Hermann Richard Heidrich (27 July 1896 – 22 December 1947) was a German paratroop general during World War II. He was a recipient of the Knight's Cross of the Iron Cross with Oak Leaves and Swords of Nazi Germany.

==Life==
Richard Heidrich, the son of Johann Carl Heidrich and his wife Amalie, née Auguste, volunteered for military service in World War I after achieving his emergency Abitur (Notabitur). He became an officer in 1915 and won the Iron Cross 1st Class. After the war, he fought with the Freikorps in the Baltics and in 1920 was accepted by the Reichswehr, where he served in a number of posts in the infantry.

In 1938, Heidrich commanded the parachute infantry battalion (Fallschirm-Infanterie-Bataillon) of the Heer which he had formed as a Major in the infantry. Heidrich and his unit were transferred into the Luftwaffe on 1 January 1939. The Fallschirmjäger, while still in an early stage of formation, were thus augmented by a 2nd Battalion for the 1st Parachute Regiment. Heidrich was transferred to the staff of the 7th Air Division, but then left the Luftwaffe to lead the 514th Infantry Regiment in the Battle of France.
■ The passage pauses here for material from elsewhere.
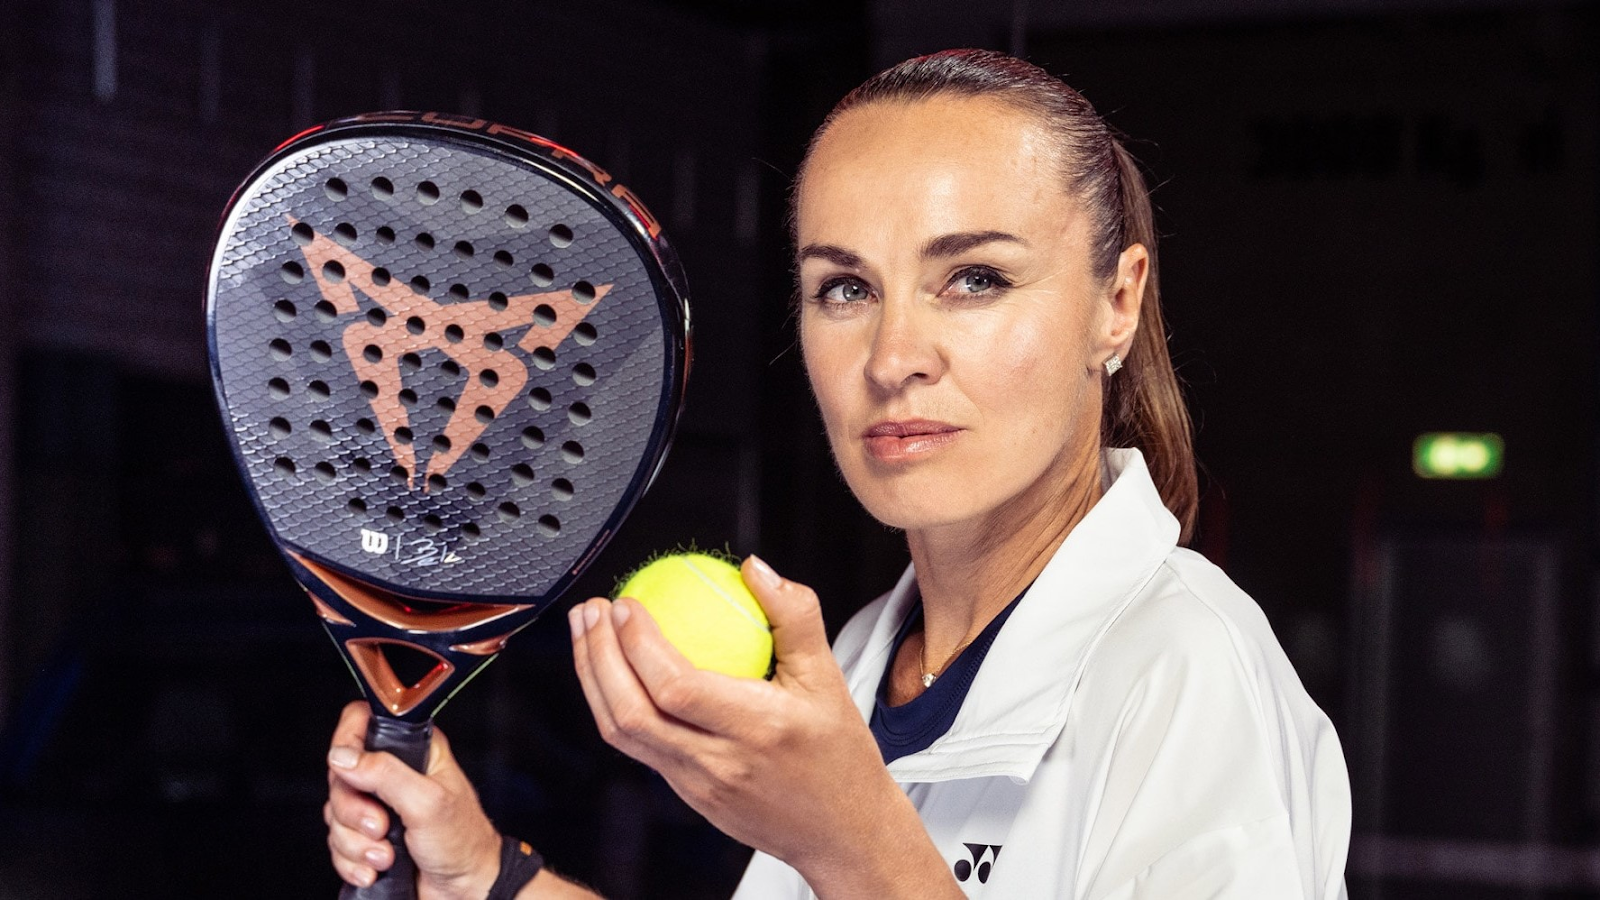 Martina Hingis - Second Greatest Swiss Tennis Players Of All Time

In June 1940, General Kurt Student was able to persuade Heidrich to transfer back to the Luftwaffe. He then formed the 3rd Parachute Regiment which he led with great success in the Battle of Crete.

In November 1942, Heidrich commanded the 1st Parachute Division, which was deployed on the Eastern Front. Starting 12 July 1943, the 1st Parachute Division was deployed to Sicily to counter the Allied invasion of the island. The division was directly involved in fighting around the Primosole Bridge.

The 1st Parachute Divisions toughest fighting came after the Allied landings on the Italian mainland, particularly in the three battles of Monte Cassino. Elements of the division under Heidrich's command also participated in the fighting at Anzio-Nettuno. As commanding general of the I Parachute Corps, Heidrich oversaw the corps’ withdrawal up the entire length of Italy.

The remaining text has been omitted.